To an invader this panhandle would be a prize. Once established in the vast network of its mainland and island harbors he would be hard to dislodge, and its climate would be an advantage. Warmed by the Japan Current, the panhandle has a milder winter climate than New York City or Washington, D. C., is an ideal natural base for naval operations. To airplane pilots its No. 1 winter grief is fog, but fog is no grief that good instruments and smart weather flying cannot cure.

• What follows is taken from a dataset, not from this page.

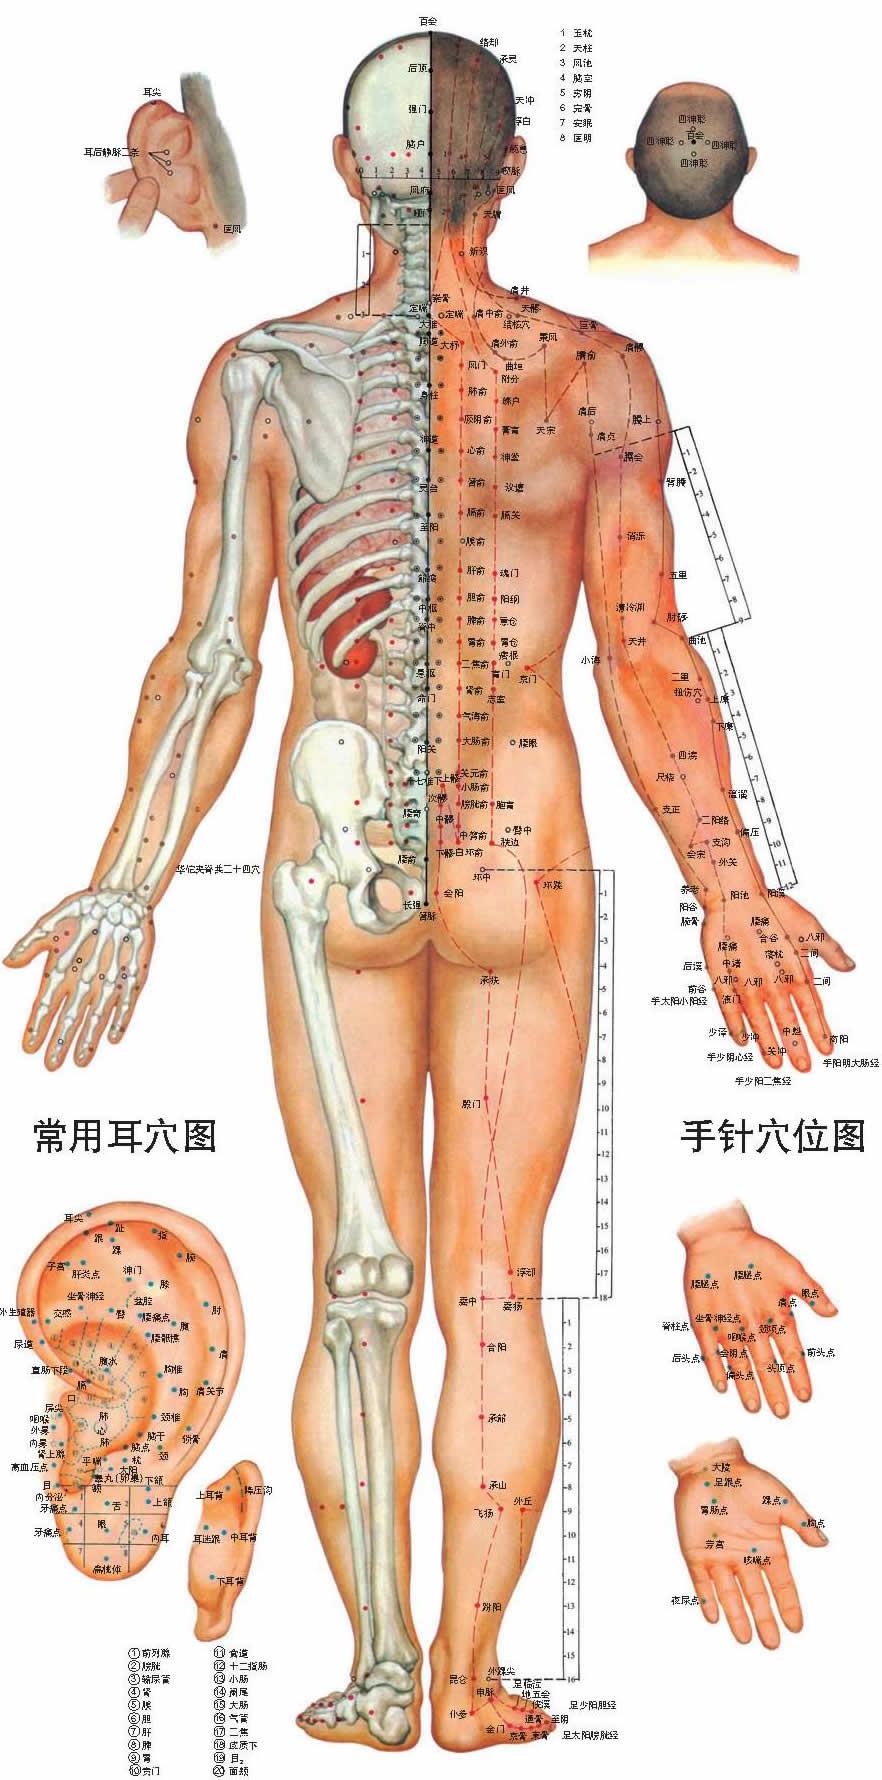 人體穴位圖正面圖

In the panhandle both the U. S. Army and Navy are busy. A few weeks ago 400 CCC boys, directed by Army technical experts, landed at Metlakatla, promptly set to work clearing and draining Annette Island's swampy seaward front for an Army flying field. Impressed by the urgency of Alaskan defense, the thrifty Indians of Metlakatla had readily voted permission for the Air Corps to build a field on their reservation, are now hosts to more white men than most of them have ever seen at one time. Farther north at Sitka a naval air base is already building, will eventually be home for submarines, as well as aircraft. Planned by the U. S. at Juneau and Ketchikan are other bases hard by Pan American flying fields.

North of the panhandle the mountains reach their cloud-piercing apex in Mt. McKinley, highest (20,300 ft.) peak in North America. The range swings southwest to form the Aleutians, where much of it is submerged and active volcanoes still spit fire & brimstone.

To the U. S. Navy has gone the job of building defenses in Alaska's island chain. On Kodiak Island (2,795 miles directly north of Hawaii) its $12,730,000 sea and air base is already under construction, will be completed within two years. A newer establishment is at Dutch Harbor (Un-alaska), where Navy building is going on in secret, with the area restricted from visitors. And far out in the Pacific, 1,242 miles west of Kodiak, is the Navy's outmost listening post, Kiska Island, which can be used as an advance base for U. S. Navy operations.

Alaska's mainland belongs to the Army. Across the international date line lie Russian bases, and many a sourdough airplane pilot has long observed that Alaska's western beaches, stretching northward from Nome across the shortest sea gap from Asia, are big enough and smooth enough for the landing of any bombers or troop transports now flying. North of the Aleutians—beyond which the southern limit of drift ice (shown by ice cakes on the map) does not extend— Alaska's nine-month winter is bitter cold.